SWI-Prolog -- Processing Indexed Files

Documentation
- Reference manual
- Packages
  - SWI-Prolog SGML/XML parser

6 Processing Indexed Files

In some cases applications wish to process small portions of large SGML, XML or RDF files. For example, the OpenDirectory project by Netscape has produced a 90MB RDF file representing the main index. The parser described here can process this document as a unit, but loading takes 85 seconds on a Pentium-II 450 and the resulting term requires about 70MB global stack. One option is to process the entire document and output it as a Prolog fact-base of RDF triplets, but in many cases this is undesirable. Another example is a large SGML file containing online documentation. The application normally wishes to provide only small portions at a time to the user. Loading the entire document into memory is then undesirable.

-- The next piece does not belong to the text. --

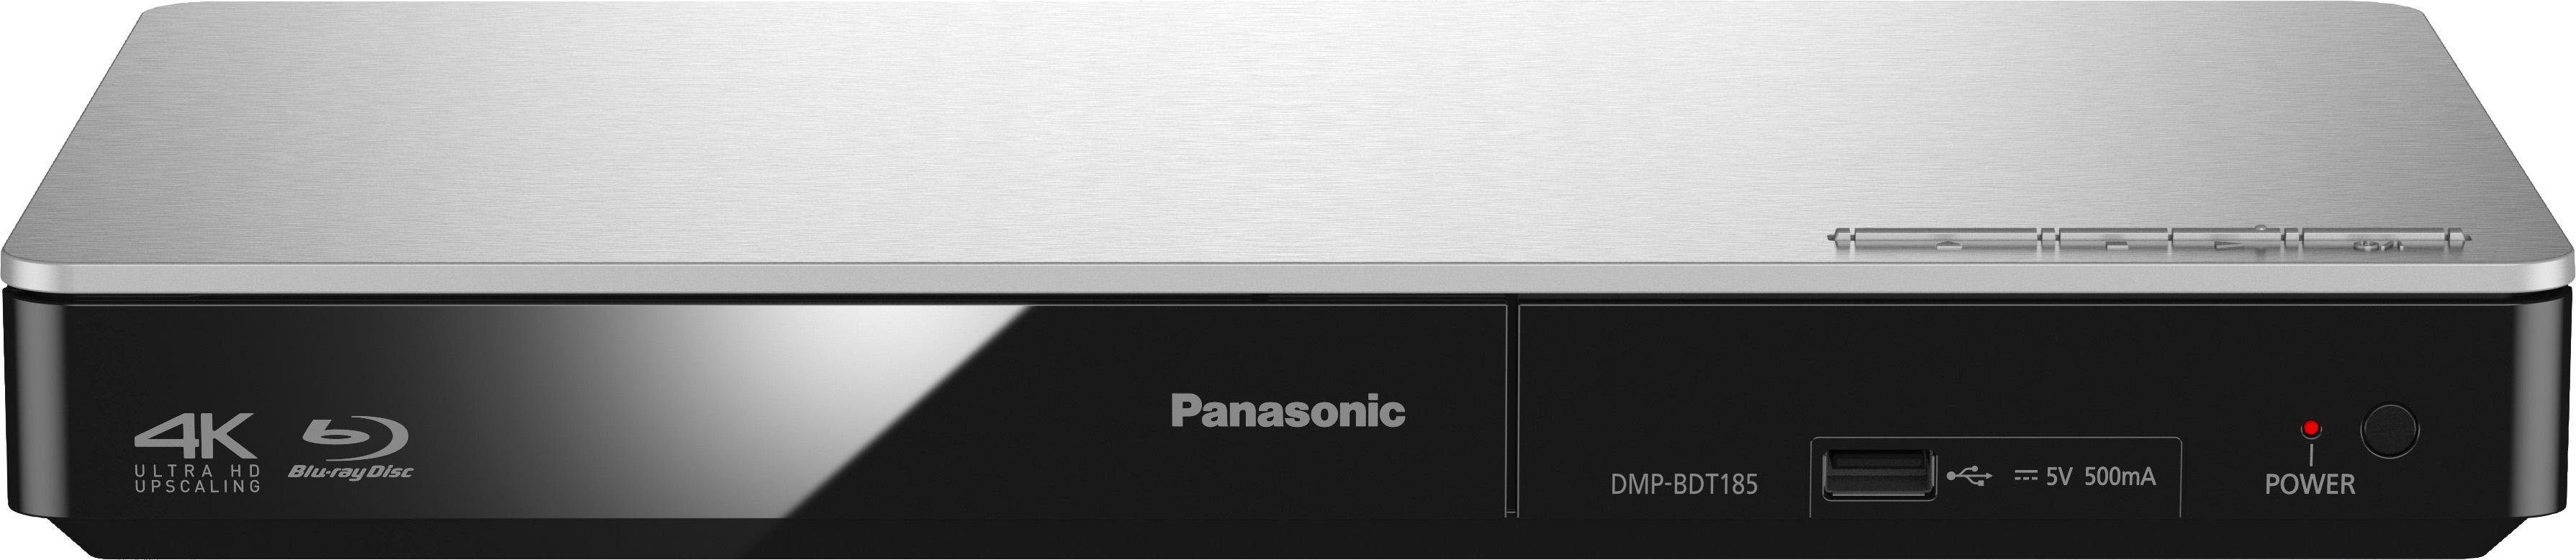 Panasonic DMP-BDT184 (Ethernet), Blu-ray-Player / DMP-BDT185 Schnellstart-Modus) Upscaling, (LAN 4K silberfarben

Using the parse(element) option, we open a file, seek (using seek/4) to the position of the element and read the desired element.

The index can be built using the call-back interface of sgml_parse/2. For example, the following code makes an index of the structure.rdf file of the OpenDirectory project:

:- dynamic
        location/3.                     % Id, File, Offset

rdf_index(File) :-
        retractall(location(_,_)),
        open(File, read, In, [type(binary)]),
        new_sgml_parser(Parser, []),
        set_sgml_parser(Parser, file(File)),
        set_sgml_parser(Parser, dialect(xml)),
        sgml_parse(Parser,
                   [ source(In),
                     call(begin, index_on_begin)
                   ]),
        close(In).

index_on_begin(_Element, Attributes, Parser) :-
        memberchk('r:id'=Id, Attributes),
        get_sgml_parser(Parser, charpos(Offset)),
        get_sgml_parser(Parser, file(File)),
        assert(location(Id, File, Offset)).

The following code extracts the RDF element with required id:

rdf_element(Id, Term) :-
        location(Id, File, Offset),
        load_structure(File, Term,
                       [ dialect(xml),
                         offset(Offset),
                         parse(element)
                       ]).